Merten drove us south to the Hofbräuhaus on Platzl, a three-floor beer hall that dates back to the sixteenth century and where Hitler once made an important speech in the upstairs hall, only no one mentions that now. These days people are more appreciative of a small brass band. We took a corner table with a window ledge as wide as a coffin lid and ordered beers that were as tall as umbrella stands. I tried to keep count of the lawyer’s smokes, not from bland curiosity but out of a desire to feel better about my own habit; sitting beside Merten I felt better than I’ve felt in a long time. I even managed to convince myself I was in the peak of health. The man smoked like the Ruhr Valley. For a while we just drank and smoked and spoke not at all but gradually the music and the beer got to us and eventually I said, “Speaking as a Berliner, there’s a lot that’s wrong with Munich but it certainly doesn’t include the beer.
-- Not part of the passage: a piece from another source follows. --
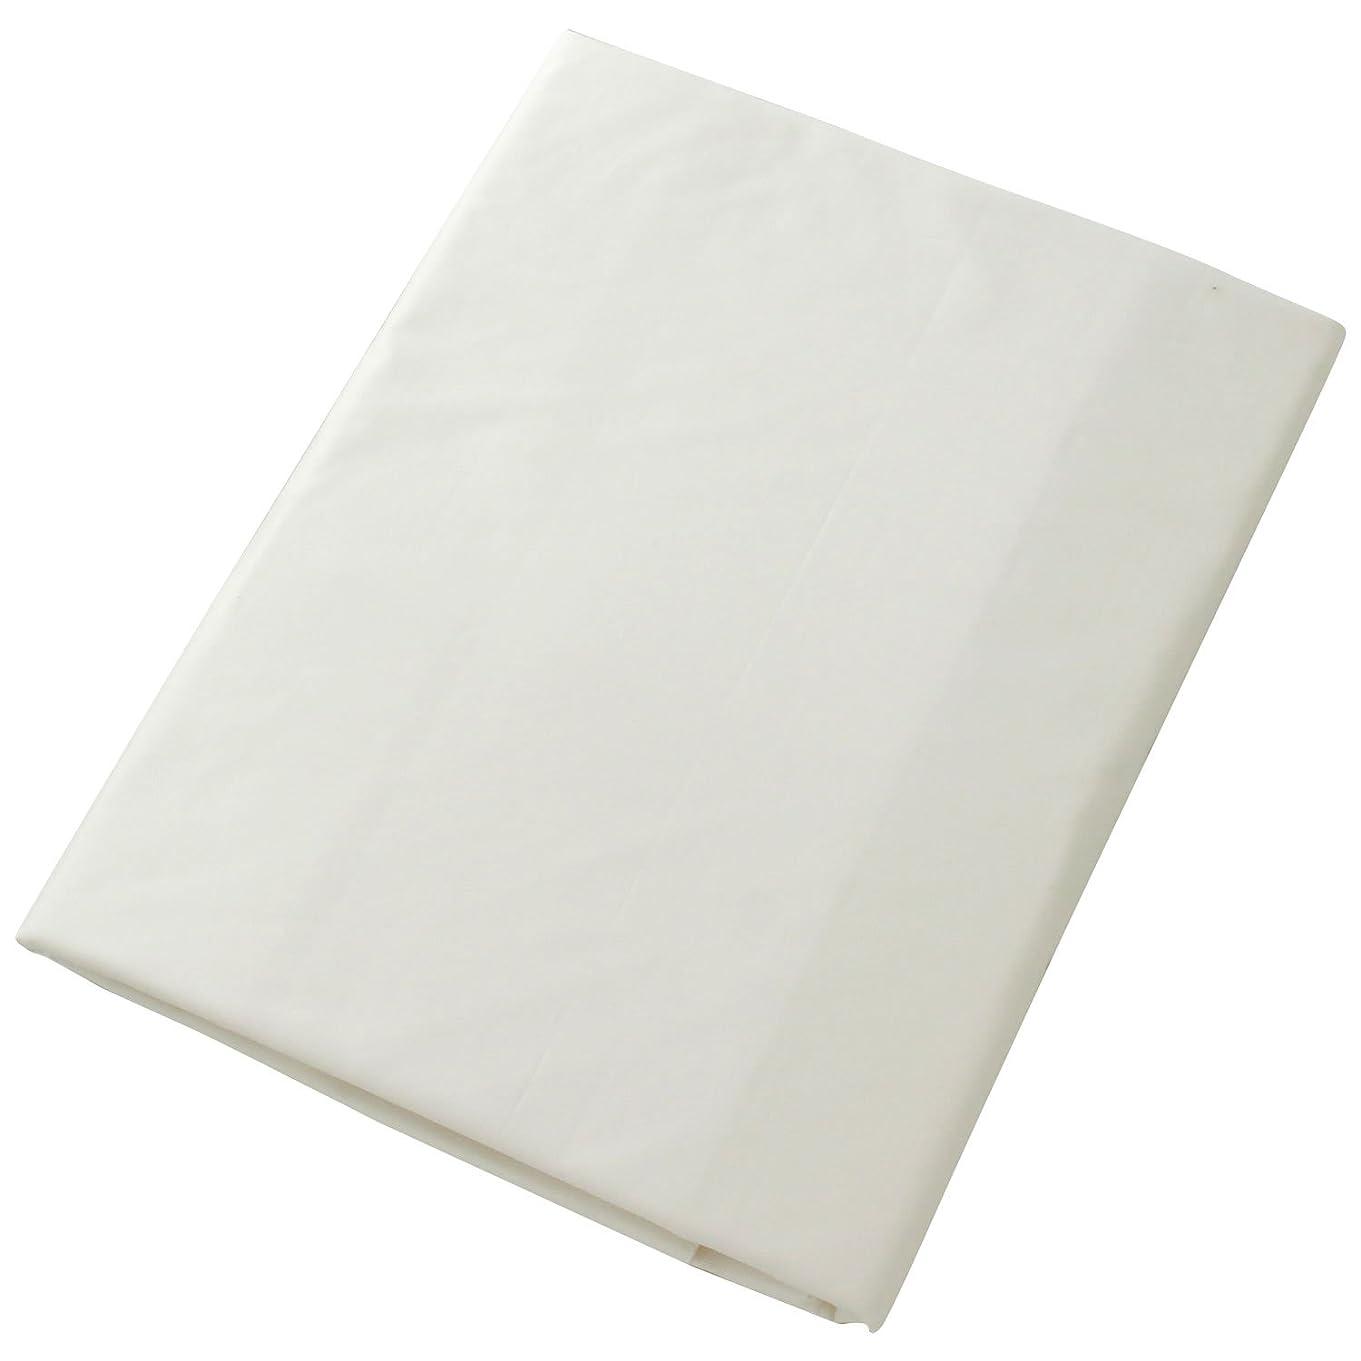 機知に富んだ詩人窒息させる伊藤清商店 ボックスシーツ ピュアホワイト ダブル ボックスシーツパレット

Nowhere on earth has beer like this. Not even Asgard. At one time or another I must have sampled every beer in this place. Not much of a hobby, I know, but it beats collecting stamps. Tastes better, too.”

“Do you ever miss Berlin, Bernie?”

“Sure. But right now Berlin’s Amelia Earhart, isn’t it? Marooned on an island in the middle of a vast and hostile sea of red. So there’s no point in wishing we were with her.”

“Yes, but there’s something about Munich that’s not as good as Berlin. Only I’m not sure what that is.”

“If Berlin is Amelia Earhart, then Munich is Charles Lindbergh: rich, private, vain, and with a very questionable history.”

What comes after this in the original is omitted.